- _Exercise instructions_
Your task is to copy the data exactly while leaving out every picture.

--- Dataset content Enclosed Below ---

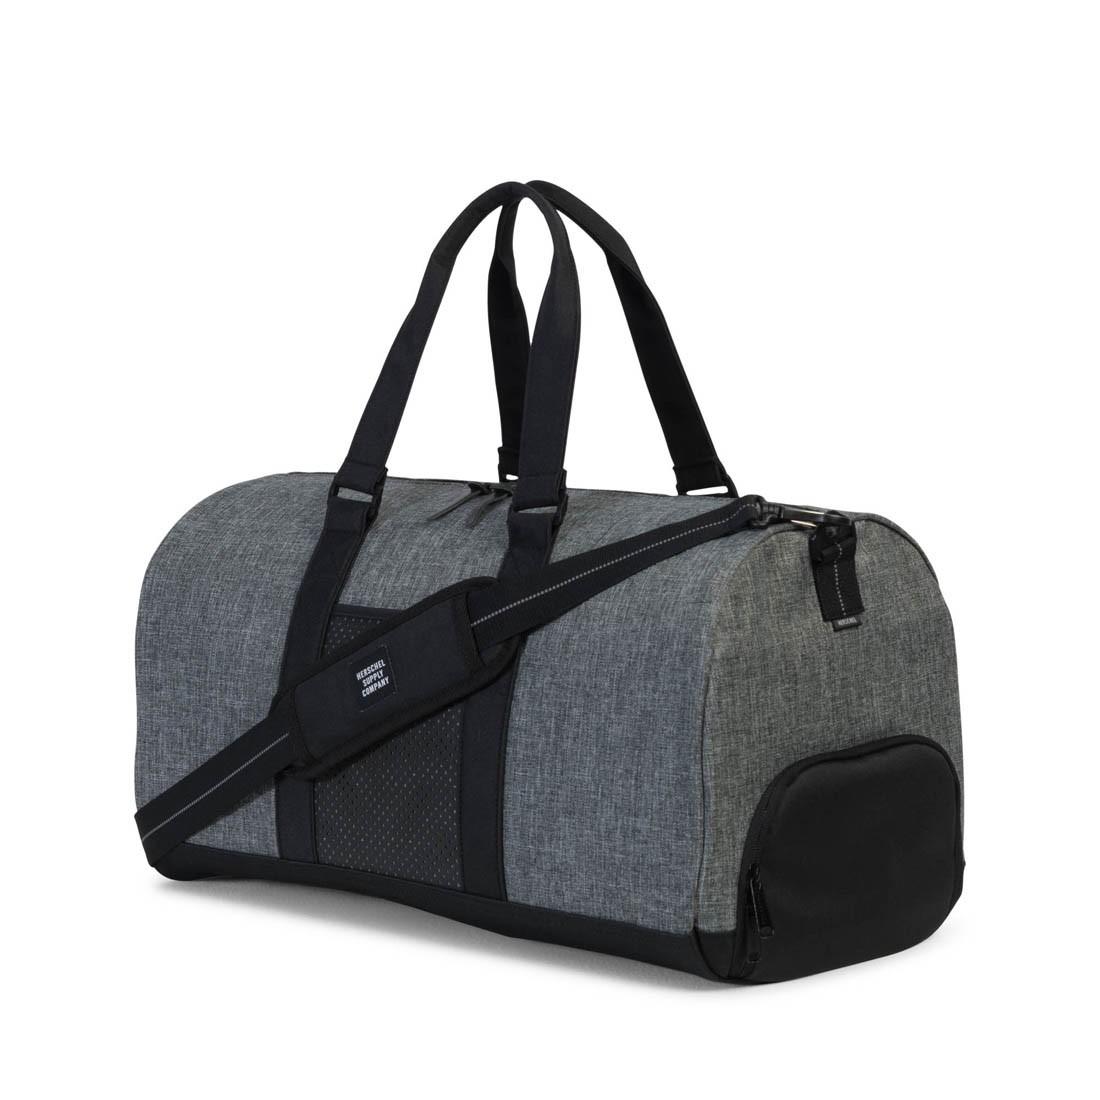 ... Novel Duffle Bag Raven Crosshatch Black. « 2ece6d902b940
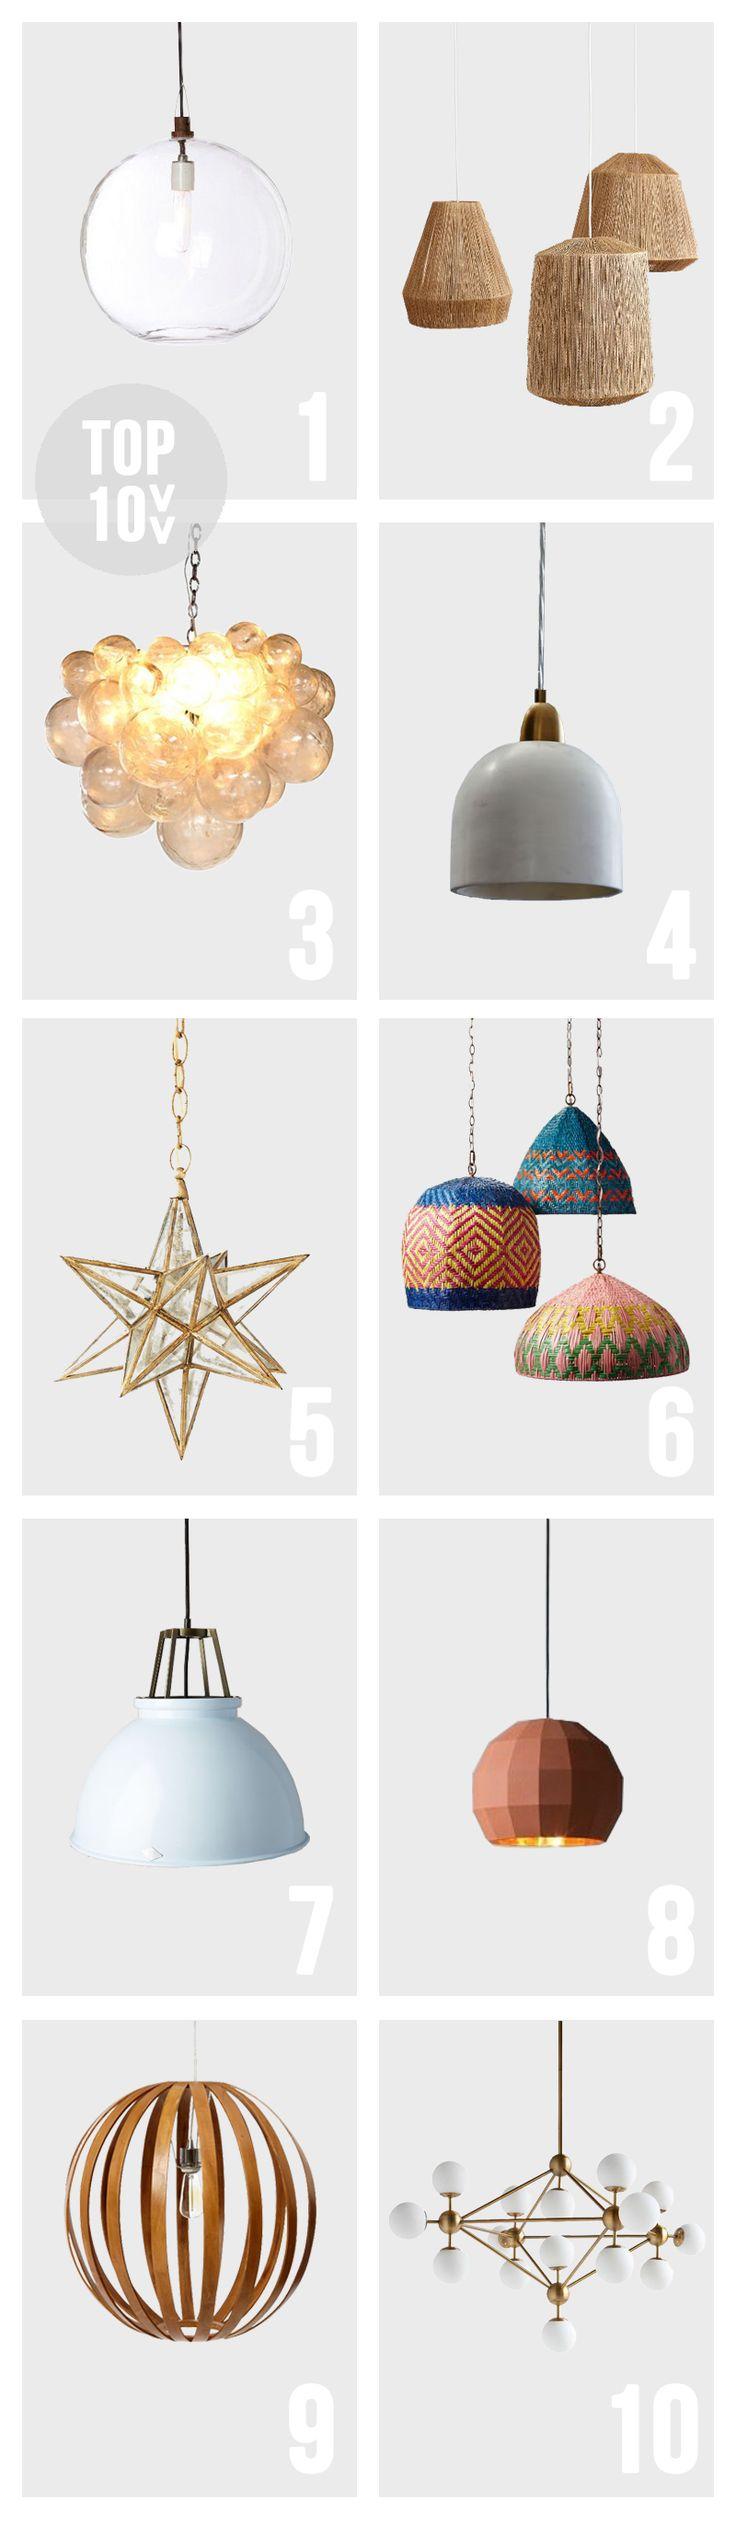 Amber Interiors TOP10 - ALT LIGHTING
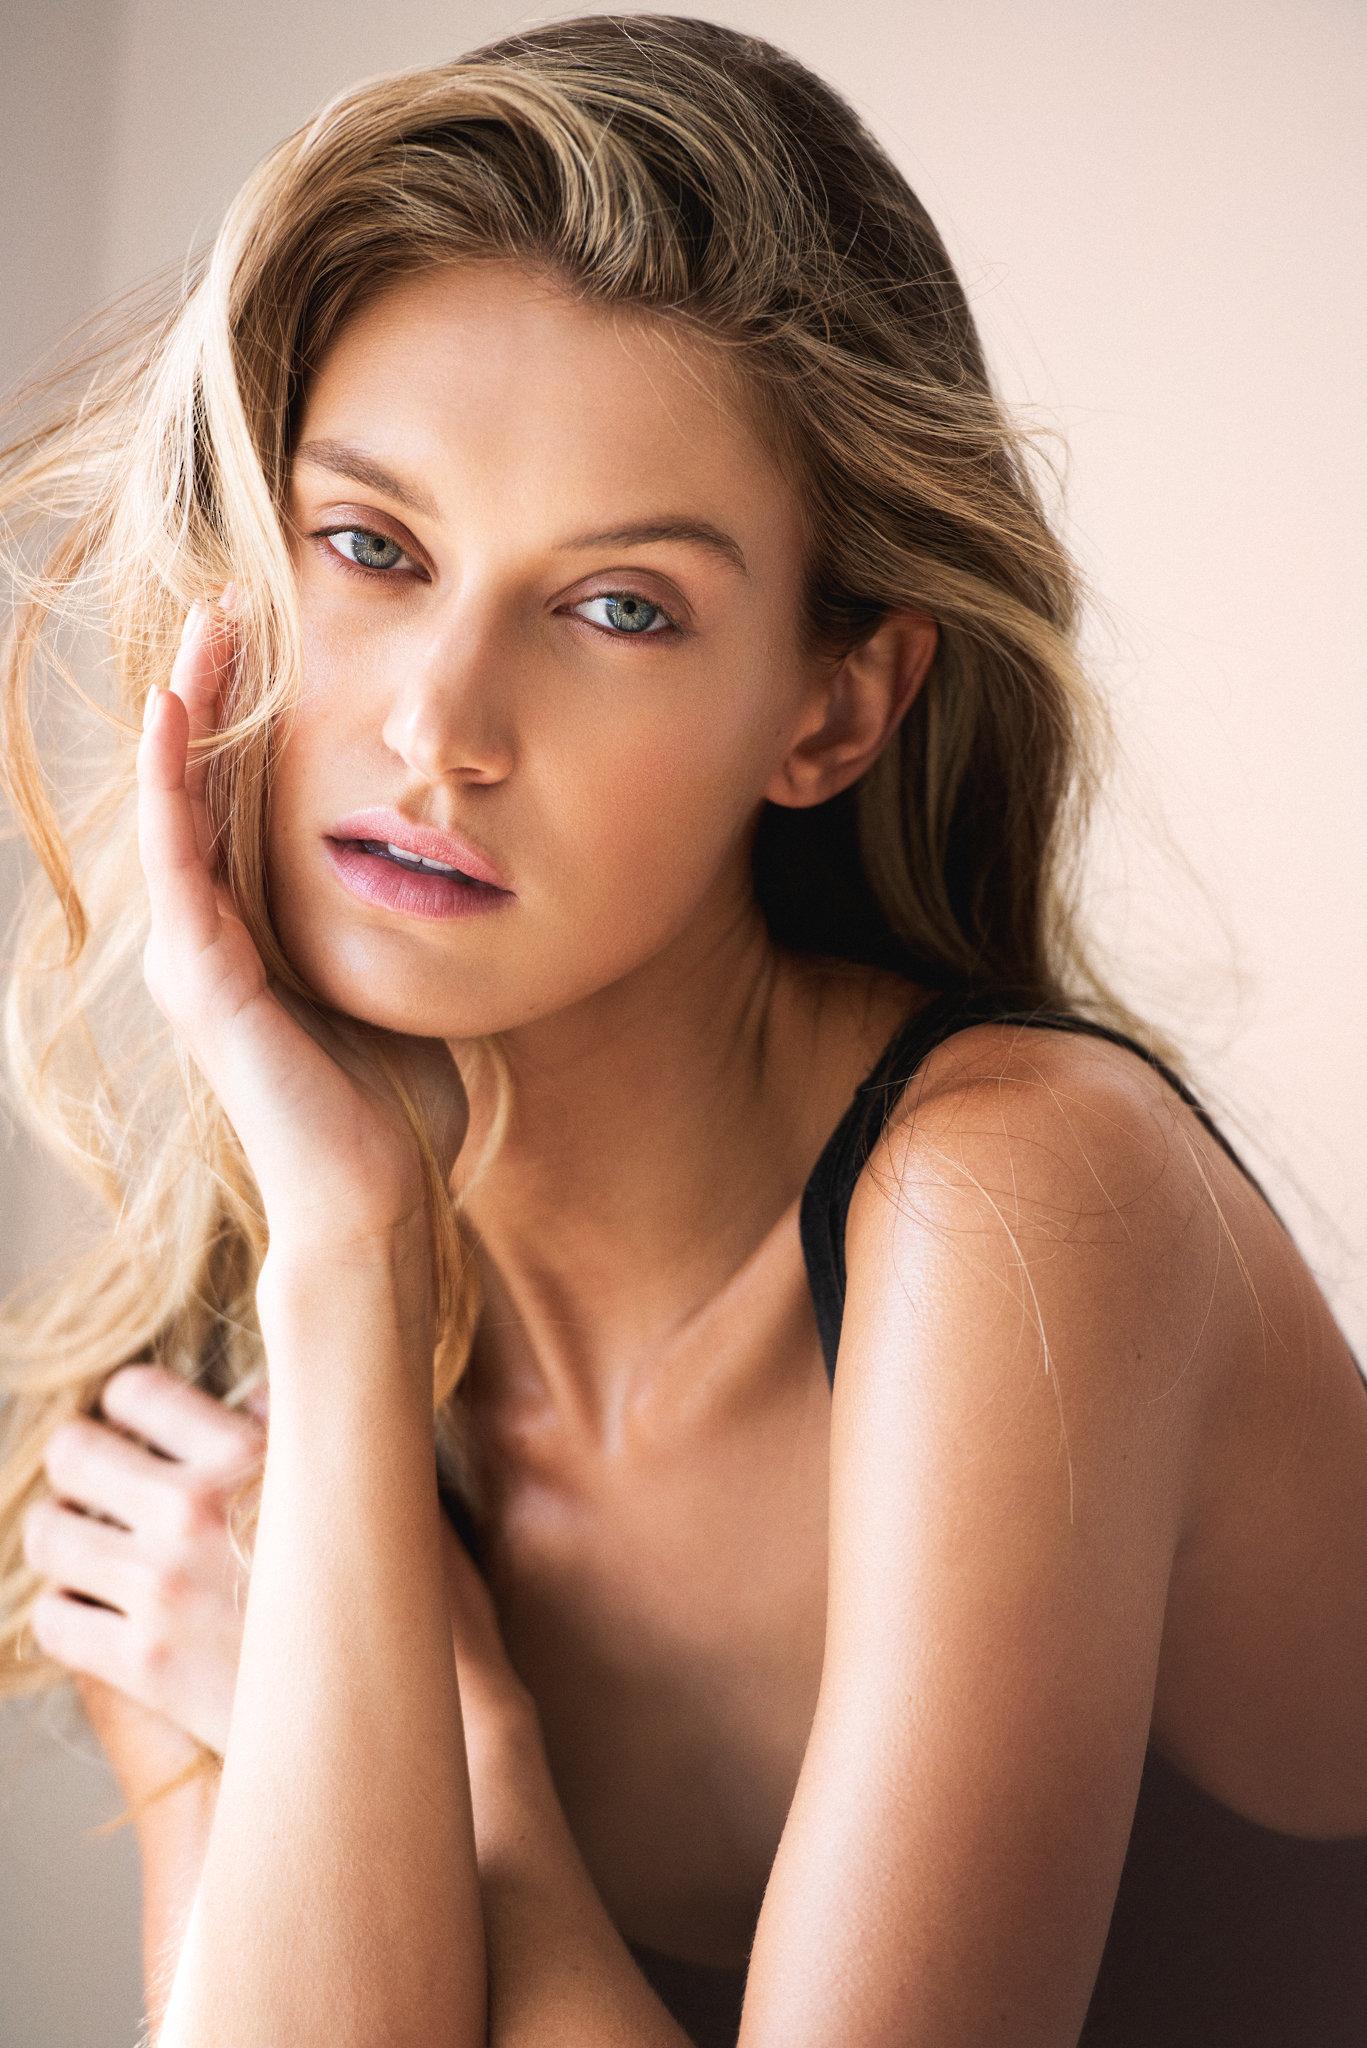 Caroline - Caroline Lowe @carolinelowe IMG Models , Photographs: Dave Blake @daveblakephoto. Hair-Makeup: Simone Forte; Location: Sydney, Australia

--- End of Enclosed Dataset content ---

- _Response box_
 ... Novel Duffle Bag Raven Crosshatch Black. « 2ece6d902b940
 Amber Interiors TOP10 - ALT LIGHTING
 Caroline - Caroline Lowe @carolinelowe IMG Models , Photographs: Dave Blake @daveblakephoto. Hair-Makeup: Simone Forte; Location: Sydney, Australia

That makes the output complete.